I am now thinking something in our mash tun setup is causing a poor reading. Maybe our sight glass setup is to blame, or the level at which we are mounting it. Either way, we need a better set-up.

The best performing thermo I have is the Taylor digital. I bought two, and one arrived with a dead battery and the other got wet internally despite its waterproof claim.

I cleaned them out and replaced their batteries. They both seem to work and are within a half a degree of each other at room temp. Best of all, they can be calibrated.

I hope to fashion some type of extra waterproofing for them. Perhaps I will wrap it in saran wrap. I thought of sugru but it is not food safe.

Well, perhaps we were too hasty in making a judgment about the Belgian yeast. It worked! Well, started anyway. Fingers crossed.

The temp controller is working well too. Now within 0.2 degrees C of target.

After 18 hours, our American Ale yeast is going strong. The Belgian, not so much. We pitched two vials of White Labs to boot. Hoping it is just a slow start.

The temp controller is working but reading a bit low. Overshot by almost a full degree as it brought the temps down for the first time. At the lower temp, the “heat” lamp is lit. If we had a heating element, we could have a closer temp.

We kegged our two seasonal beers. They are both pretty weak. Too thin due to our poor efficiencies. If they don’t work we should have enough time to crank one out for Christmas. Gassing to 2.5 volumes or 12psi at 40 degrees.

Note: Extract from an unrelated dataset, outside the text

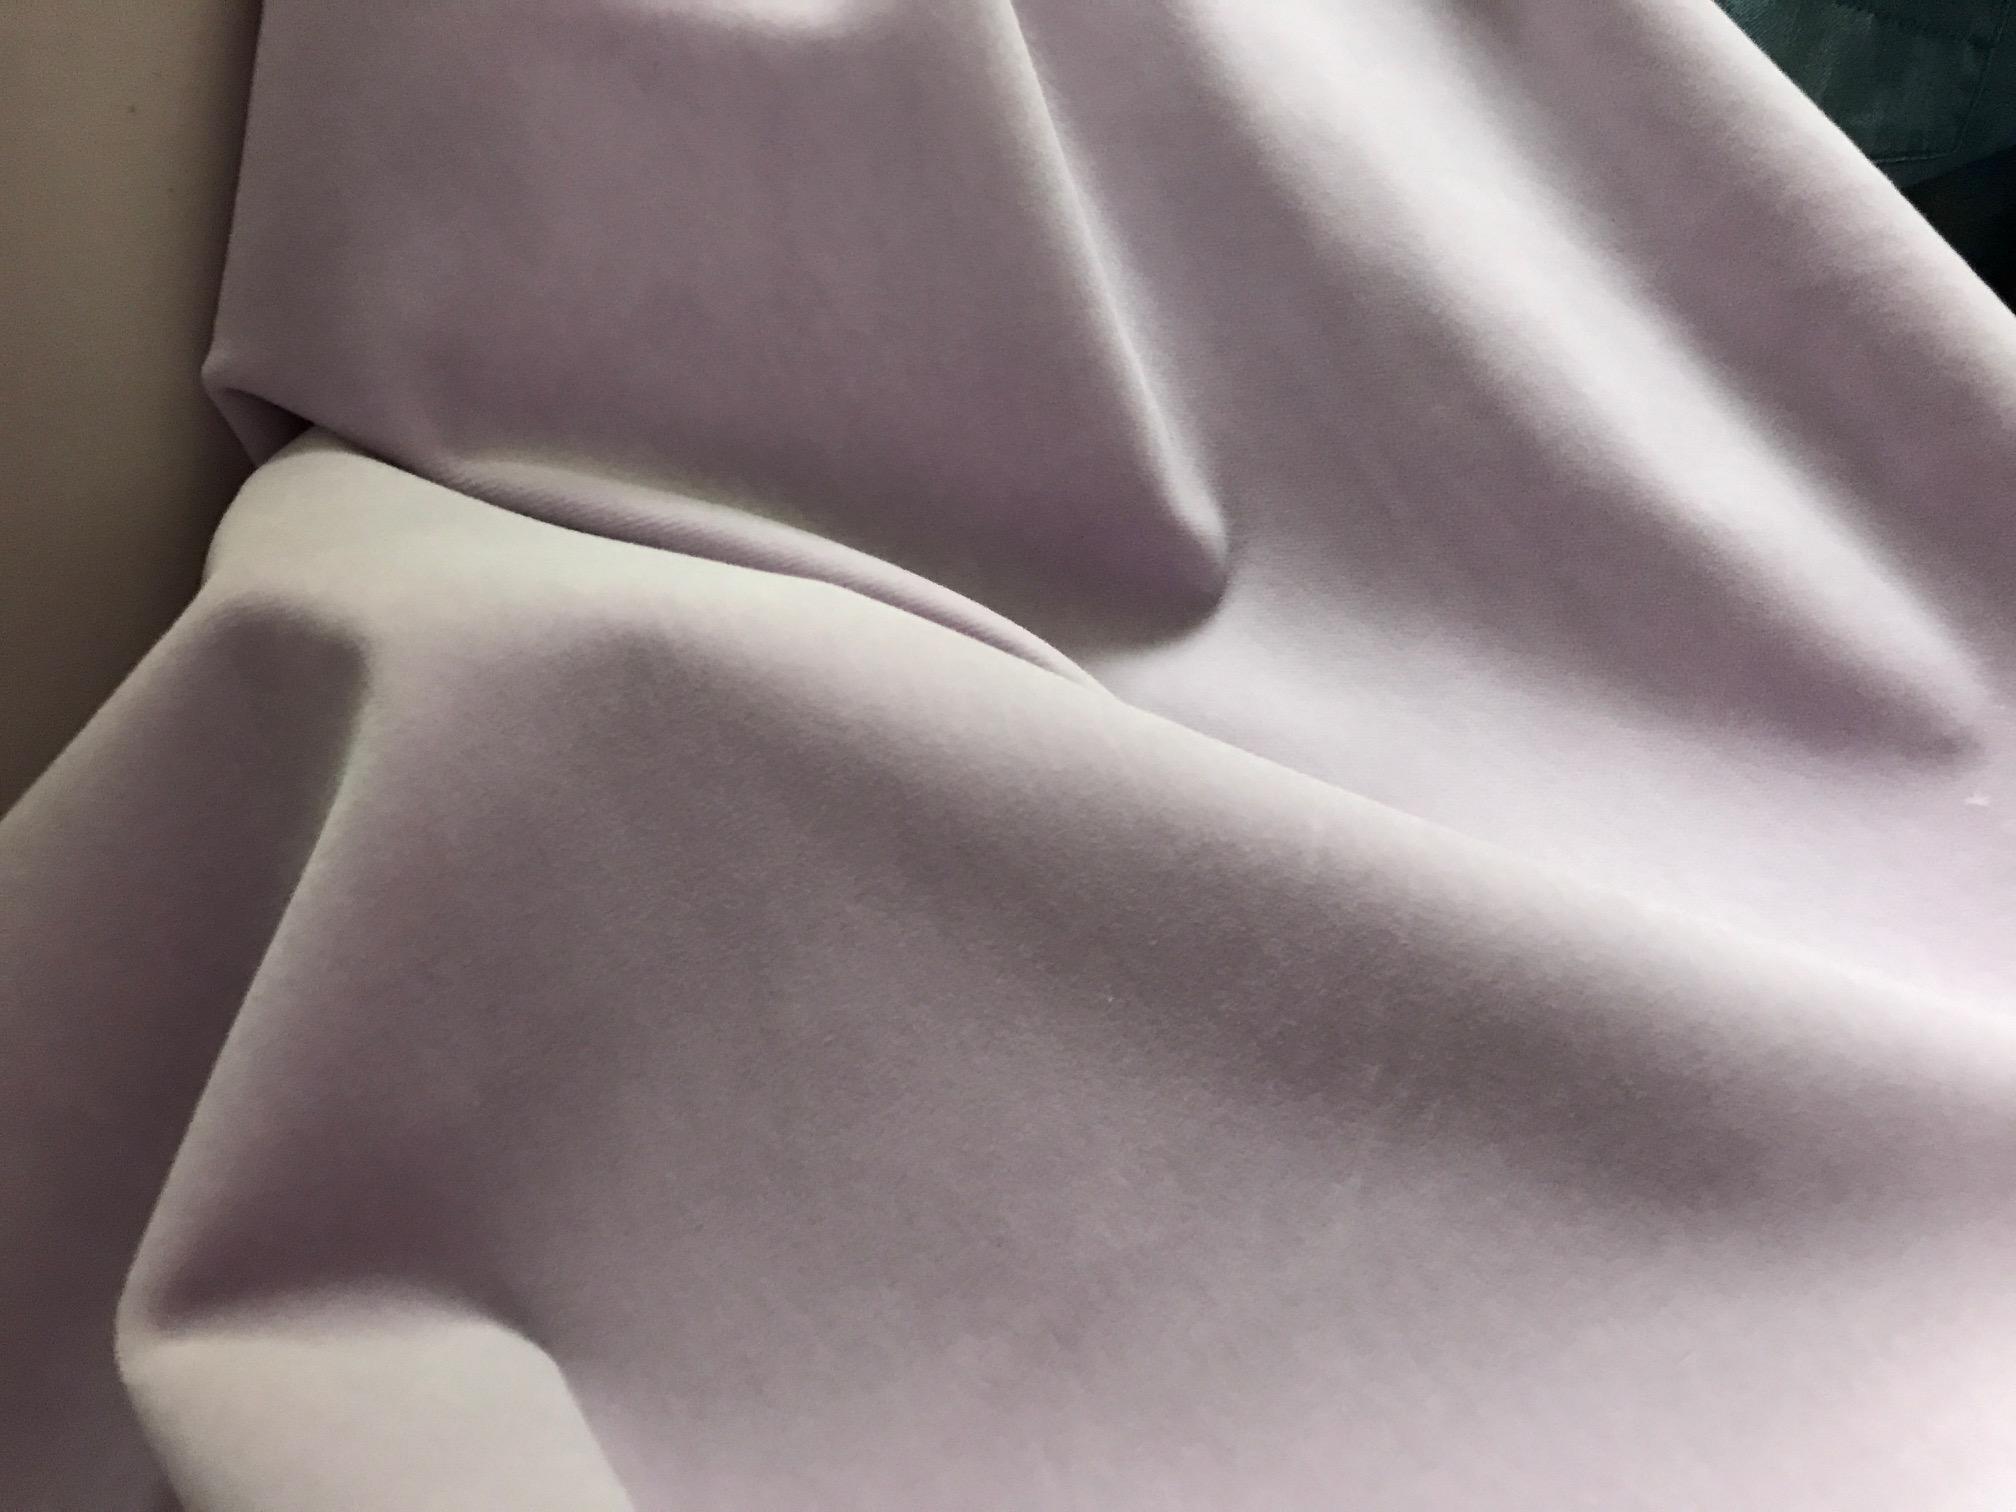 Terciopelo de algodón malva
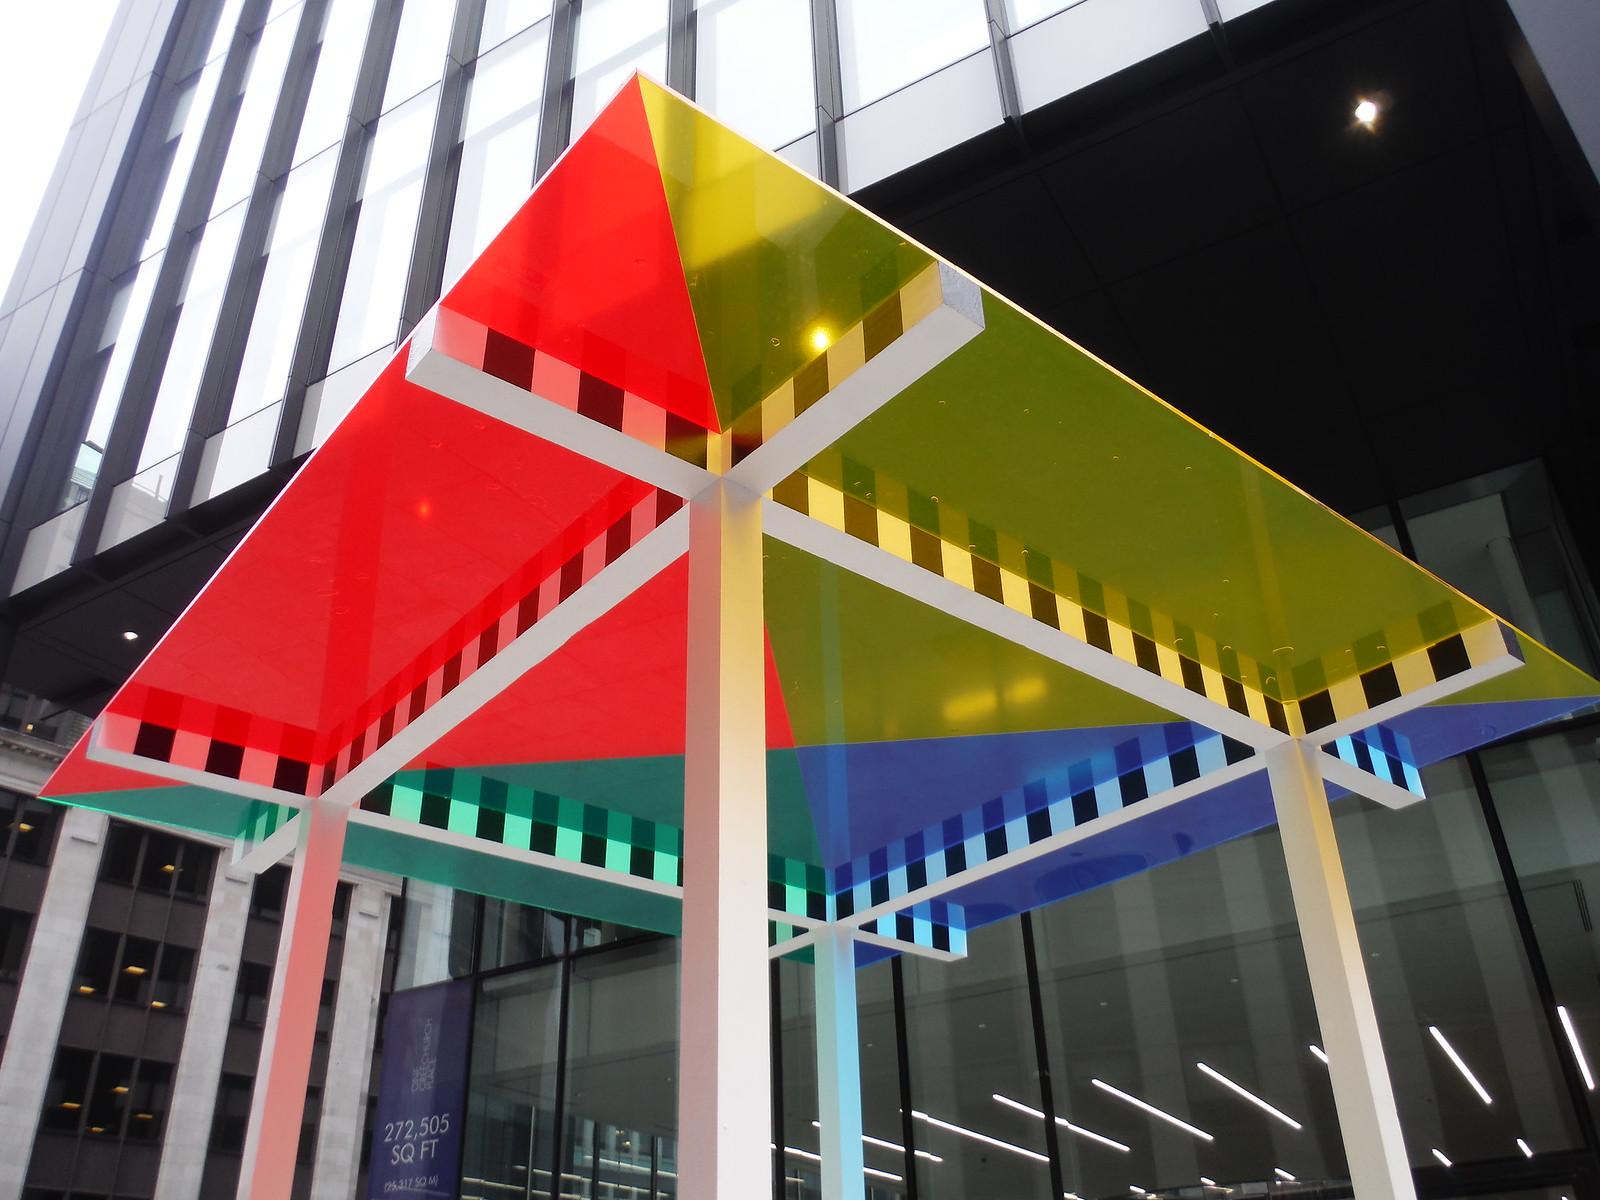 Daniel Buren - 4 Colours at 3 Meters High Situated Work SWC Walk Short 24 - Sculpture in the City

Today we brewed 10 gallons of Blonde Ale, somewhat duplicating one of our best beers yet.

We pitched an American Ale yeast on one half. We used a dry yeast for the first time. The other half is fermenting with a Belgian Ale yeast.

Me missed our mashing temperature again. This time by only two degrees. We did a small decoction to bring the temp back up and mashed for an extra 15 minutes. I think our efficiency was better than 70% (according to Beer Tools Pro).

All went well, except a small miscalculation had us using half the hops called for in the recipe. We may dry hop to bring up the hop flavor or we may just leave it. We will figure it out after we taste it before kegging.

We brewed two seasonal ales, a Christmas and a Pumpkin. Our brew day began at 5:00pm on a Friday and ended at 2:00am on Saturday morning. The long hours, late night and a few beers each conspired to mess us up.

We missed our mash temps by a lot. Our thermometers were all wrong, the pumpkin absorbing heat and a lack of attention all added up to less than 50% efficiency on one of the beers and less than 60% on the other.

Lots of lessons learned.

We had no real way to regulate the temperature on our new display refrigerator. The internal thermostat keeps the temperature at 39 degrees F no matter how you set the dial.

This controller will allow us to dial in the temperature to within 1 degree Celsius. We have ordered a controller that will control heat as well as cooling. When that one arrives, we will put it into this enclosure and move the current, cool only, controller to the kegerator.
We will add some kind of element to warm the fridge for those very few nights when the ambient temperature might bring the fridge temp to below our target. This is probably overkill, but temperature control is vital to good fermentation. Lagering is something we want to get good at too.

We kegged the Blonde Ale (no pictures, sorry).

SG: 1.101 or alcohol of 6.02%. A bit out of style. Color and flavor are spot on, however. Will be really good when properly cold and carbonated.

We also measured and marked the carboys. We have been over filling the big ones and under filling the small. We have two 5 gals, one 6.5 gal, and one 7.5 gal. We also have another 6.5 gal that cracked. Funny how no two are the same.

Fridge now has 20 gallons in kegs. Actually ~18 as we have been sampling the SNPA clone.

The first resident of our new fridge is our two week old Sierra Nevada Pale Ale Clone (I think we need to come up with a better name for it).

We are dialing in the temperature and hope to get good results. We have other ideas for temperature control, but we may luck out with the stock thermostat.

We found this display merchandiser on Craigs list. Good price and in better than fair condition.

We can fit twelve Cornileus kegs or eight carboy fermenters.

Overkill? It will make for a great lagering chamber that we can serve from as well.

All we need now is a controller to dial in temperature as this unit is optimized for 34 to 38 degrees.